*** Opening Data for this exercise ***
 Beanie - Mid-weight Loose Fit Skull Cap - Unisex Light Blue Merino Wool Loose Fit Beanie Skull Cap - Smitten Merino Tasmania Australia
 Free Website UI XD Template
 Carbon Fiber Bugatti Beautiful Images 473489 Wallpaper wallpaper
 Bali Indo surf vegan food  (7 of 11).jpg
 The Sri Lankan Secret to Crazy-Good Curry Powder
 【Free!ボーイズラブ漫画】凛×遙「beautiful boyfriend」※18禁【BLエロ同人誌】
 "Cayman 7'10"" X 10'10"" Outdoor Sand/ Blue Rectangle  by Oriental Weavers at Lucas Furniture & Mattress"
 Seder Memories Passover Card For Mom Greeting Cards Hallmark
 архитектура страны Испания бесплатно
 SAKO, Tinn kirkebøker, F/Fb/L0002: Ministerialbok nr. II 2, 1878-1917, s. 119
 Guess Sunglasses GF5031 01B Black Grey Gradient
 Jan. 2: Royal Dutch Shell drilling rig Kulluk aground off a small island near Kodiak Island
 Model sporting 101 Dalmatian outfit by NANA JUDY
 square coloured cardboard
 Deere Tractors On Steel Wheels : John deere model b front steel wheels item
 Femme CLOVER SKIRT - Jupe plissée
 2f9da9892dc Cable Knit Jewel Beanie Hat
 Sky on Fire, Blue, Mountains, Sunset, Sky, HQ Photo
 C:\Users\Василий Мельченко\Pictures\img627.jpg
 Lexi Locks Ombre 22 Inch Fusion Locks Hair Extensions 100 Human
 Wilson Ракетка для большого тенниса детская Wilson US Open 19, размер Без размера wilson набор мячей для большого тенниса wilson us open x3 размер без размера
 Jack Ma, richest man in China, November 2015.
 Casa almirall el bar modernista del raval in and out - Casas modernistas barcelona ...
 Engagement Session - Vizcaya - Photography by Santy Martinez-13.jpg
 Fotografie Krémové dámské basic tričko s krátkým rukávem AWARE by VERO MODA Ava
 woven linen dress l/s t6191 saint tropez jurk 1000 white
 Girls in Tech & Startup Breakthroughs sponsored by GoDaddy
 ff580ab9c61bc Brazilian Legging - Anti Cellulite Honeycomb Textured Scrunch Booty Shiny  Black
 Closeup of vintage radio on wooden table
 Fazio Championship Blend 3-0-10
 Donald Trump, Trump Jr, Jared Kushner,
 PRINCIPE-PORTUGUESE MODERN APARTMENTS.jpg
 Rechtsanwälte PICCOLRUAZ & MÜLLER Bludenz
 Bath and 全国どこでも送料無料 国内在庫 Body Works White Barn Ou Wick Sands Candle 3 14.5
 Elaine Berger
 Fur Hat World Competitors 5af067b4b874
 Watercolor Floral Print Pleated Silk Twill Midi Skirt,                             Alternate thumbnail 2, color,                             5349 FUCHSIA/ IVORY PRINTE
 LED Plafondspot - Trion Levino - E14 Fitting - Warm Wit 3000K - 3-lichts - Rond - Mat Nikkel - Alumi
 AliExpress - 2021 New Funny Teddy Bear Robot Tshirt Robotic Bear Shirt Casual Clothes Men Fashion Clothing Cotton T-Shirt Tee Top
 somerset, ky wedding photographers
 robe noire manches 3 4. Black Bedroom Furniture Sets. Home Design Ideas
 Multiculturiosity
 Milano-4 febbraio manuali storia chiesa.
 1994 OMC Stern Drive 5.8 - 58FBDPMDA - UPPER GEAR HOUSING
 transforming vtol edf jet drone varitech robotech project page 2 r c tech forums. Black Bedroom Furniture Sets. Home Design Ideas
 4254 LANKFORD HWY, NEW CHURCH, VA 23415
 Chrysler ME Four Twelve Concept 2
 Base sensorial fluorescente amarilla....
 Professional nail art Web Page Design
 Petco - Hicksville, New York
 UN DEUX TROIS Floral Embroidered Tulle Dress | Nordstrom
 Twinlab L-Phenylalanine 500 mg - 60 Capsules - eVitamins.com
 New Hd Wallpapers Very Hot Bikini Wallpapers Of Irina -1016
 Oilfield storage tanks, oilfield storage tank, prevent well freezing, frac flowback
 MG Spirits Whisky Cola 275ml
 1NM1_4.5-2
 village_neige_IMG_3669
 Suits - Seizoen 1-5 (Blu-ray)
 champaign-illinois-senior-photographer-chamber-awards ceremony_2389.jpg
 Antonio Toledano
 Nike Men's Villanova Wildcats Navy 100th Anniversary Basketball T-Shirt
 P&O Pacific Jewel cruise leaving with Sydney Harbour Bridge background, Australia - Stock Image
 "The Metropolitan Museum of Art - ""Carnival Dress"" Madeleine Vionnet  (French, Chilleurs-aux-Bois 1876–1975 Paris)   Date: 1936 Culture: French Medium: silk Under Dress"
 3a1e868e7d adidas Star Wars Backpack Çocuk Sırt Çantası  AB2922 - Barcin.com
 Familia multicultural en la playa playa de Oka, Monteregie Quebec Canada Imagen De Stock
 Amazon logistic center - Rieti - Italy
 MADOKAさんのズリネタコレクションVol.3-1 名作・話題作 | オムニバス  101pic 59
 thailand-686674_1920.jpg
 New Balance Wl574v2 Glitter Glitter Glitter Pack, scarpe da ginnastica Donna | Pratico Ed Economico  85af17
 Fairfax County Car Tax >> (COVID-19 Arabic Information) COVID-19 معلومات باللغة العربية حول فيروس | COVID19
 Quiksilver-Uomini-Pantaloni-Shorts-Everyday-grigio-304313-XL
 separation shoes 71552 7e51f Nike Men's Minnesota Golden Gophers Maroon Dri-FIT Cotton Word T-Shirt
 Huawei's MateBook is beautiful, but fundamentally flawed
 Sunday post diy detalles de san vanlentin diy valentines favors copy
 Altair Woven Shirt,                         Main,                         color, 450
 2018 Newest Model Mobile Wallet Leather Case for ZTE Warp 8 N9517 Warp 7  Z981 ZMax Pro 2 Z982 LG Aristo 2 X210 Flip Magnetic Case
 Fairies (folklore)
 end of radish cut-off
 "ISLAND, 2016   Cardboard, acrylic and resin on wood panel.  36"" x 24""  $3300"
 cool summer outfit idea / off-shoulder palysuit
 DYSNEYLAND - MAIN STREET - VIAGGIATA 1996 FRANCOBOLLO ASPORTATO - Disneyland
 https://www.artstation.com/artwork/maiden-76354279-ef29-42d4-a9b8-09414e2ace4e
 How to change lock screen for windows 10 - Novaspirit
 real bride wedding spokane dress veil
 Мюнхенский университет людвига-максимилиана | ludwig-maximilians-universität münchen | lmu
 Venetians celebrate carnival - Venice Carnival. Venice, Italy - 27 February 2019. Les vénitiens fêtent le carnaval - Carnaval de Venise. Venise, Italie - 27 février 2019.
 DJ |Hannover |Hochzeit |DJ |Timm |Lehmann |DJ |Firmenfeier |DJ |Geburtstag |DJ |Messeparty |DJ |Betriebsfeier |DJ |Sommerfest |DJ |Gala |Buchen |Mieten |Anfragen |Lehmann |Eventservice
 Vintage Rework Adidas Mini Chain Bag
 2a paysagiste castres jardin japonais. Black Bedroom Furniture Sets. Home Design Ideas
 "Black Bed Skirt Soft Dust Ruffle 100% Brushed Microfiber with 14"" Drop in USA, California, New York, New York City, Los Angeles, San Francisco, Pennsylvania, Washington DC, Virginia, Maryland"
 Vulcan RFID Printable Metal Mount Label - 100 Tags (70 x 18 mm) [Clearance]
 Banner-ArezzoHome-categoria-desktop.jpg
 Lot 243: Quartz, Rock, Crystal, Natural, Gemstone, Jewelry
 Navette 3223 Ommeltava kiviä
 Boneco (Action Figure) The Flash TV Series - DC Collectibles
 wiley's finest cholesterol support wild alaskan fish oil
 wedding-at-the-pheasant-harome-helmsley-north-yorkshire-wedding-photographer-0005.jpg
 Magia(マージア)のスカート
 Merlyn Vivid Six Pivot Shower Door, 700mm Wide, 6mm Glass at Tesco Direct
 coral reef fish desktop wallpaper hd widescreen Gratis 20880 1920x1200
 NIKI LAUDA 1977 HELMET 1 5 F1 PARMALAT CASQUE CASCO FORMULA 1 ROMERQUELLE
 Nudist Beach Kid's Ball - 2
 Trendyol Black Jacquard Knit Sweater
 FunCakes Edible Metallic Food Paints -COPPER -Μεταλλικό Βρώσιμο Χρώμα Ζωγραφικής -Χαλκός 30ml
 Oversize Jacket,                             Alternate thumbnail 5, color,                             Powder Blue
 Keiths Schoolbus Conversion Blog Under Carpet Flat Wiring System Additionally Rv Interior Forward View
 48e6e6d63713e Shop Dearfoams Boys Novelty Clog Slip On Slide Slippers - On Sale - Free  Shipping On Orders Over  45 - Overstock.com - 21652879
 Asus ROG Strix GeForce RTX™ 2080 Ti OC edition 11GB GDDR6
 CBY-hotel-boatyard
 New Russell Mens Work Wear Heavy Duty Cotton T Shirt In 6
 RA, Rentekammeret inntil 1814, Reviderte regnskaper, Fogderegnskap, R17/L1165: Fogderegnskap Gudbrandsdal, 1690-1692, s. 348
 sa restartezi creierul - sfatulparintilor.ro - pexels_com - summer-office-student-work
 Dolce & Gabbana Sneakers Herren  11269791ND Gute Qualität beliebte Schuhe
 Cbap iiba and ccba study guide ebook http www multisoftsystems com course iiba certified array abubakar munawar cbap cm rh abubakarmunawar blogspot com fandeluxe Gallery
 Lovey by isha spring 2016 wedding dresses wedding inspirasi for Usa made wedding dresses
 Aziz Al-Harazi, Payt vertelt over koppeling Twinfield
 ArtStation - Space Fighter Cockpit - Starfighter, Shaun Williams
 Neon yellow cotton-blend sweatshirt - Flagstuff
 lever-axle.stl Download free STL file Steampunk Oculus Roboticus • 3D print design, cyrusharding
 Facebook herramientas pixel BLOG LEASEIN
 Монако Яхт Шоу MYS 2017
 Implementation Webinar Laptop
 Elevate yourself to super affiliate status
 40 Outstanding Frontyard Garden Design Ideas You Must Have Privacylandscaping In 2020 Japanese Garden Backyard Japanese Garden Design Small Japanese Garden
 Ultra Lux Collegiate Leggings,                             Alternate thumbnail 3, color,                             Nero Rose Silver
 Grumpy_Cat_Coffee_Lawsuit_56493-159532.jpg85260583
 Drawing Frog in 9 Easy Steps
*** Closing Data for this exercise ***
A single figure must be given: how many lines of the records above include the string "desktop".

### Solution
2